Required action: Your answer should be the lines of the listing that contain the word "Sewing".

Recorded information:
--- START ---
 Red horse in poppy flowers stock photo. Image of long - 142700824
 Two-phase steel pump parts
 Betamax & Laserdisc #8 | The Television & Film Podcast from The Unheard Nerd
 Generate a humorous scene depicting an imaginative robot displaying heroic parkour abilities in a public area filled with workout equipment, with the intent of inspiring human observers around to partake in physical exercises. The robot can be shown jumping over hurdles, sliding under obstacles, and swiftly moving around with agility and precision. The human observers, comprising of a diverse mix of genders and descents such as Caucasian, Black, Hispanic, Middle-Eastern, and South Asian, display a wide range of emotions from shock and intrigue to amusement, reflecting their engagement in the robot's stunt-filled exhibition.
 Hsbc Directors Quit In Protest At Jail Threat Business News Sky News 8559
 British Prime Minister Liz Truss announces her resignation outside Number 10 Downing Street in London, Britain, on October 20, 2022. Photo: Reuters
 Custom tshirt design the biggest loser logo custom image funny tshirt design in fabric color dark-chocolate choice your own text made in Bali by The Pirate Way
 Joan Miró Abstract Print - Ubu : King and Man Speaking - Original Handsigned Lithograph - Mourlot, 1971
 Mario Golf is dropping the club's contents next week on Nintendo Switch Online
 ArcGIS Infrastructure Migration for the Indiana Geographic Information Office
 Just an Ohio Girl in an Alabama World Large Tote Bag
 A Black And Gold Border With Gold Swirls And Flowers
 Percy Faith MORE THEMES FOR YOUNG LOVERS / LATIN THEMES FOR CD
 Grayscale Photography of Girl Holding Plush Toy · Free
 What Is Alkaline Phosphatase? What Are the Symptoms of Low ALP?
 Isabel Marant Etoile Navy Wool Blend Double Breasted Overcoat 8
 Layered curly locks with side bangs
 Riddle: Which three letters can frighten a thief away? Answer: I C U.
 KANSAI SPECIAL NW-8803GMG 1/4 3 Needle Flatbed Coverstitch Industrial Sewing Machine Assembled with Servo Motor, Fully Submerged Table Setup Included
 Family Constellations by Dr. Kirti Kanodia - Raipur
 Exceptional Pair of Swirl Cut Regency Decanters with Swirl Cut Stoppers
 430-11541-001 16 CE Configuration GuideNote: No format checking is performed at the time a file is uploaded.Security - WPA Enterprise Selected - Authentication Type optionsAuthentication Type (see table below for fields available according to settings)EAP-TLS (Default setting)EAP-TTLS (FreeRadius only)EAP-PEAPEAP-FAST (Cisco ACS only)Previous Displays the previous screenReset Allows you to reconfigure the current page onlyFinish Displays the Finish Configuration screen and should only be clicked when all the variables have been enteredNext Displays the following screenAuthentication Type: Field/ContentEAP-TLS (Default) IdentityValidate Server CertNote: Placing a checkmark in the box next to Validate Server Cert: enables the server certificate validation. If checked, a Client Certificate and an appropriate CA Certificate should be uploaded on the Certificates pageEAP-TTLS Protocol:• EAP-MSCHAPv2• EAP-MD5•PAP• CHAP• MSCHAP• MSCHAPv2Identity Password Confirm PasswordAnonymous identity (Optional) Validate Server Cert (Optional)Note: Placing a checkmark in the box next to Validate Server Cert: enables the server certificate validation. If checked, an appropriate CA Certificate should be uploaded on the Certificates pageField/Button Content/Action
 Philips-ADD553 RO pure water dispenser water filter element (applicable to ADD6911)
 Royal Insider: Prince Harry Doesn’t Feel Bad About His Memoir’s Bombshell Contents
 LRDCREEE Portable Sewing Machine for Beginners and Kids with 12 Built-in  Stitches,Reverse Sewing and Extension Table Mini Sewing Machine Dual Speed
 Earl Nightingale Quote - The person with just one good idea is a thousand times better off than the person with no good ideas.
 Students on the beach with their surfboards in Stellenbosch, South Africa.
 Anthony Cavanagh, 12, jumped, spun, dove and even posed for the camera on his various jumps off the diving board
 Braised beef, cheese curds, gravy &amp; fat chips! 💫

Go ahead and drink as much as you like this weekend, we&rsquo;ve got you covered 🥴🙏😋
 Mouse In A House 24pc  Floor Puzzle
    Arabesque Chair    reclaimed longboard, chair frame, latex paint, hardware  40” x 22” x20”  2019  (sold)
--- END ---
Result of this task:
 KANSAI SPECIAL NW-8803GMG 1/4 3 Needle Flatbed Coverstitch Industrial Sewing Machine Assembled with Servo Motor, Fully Submerged Table Setup Included
 LRDCREEE Portable Sewing Machine for Beginners and Kids with 12 Built-in  Stitches,Reverse Sewing and Extension Table Mini Sewing Machine Dual Speed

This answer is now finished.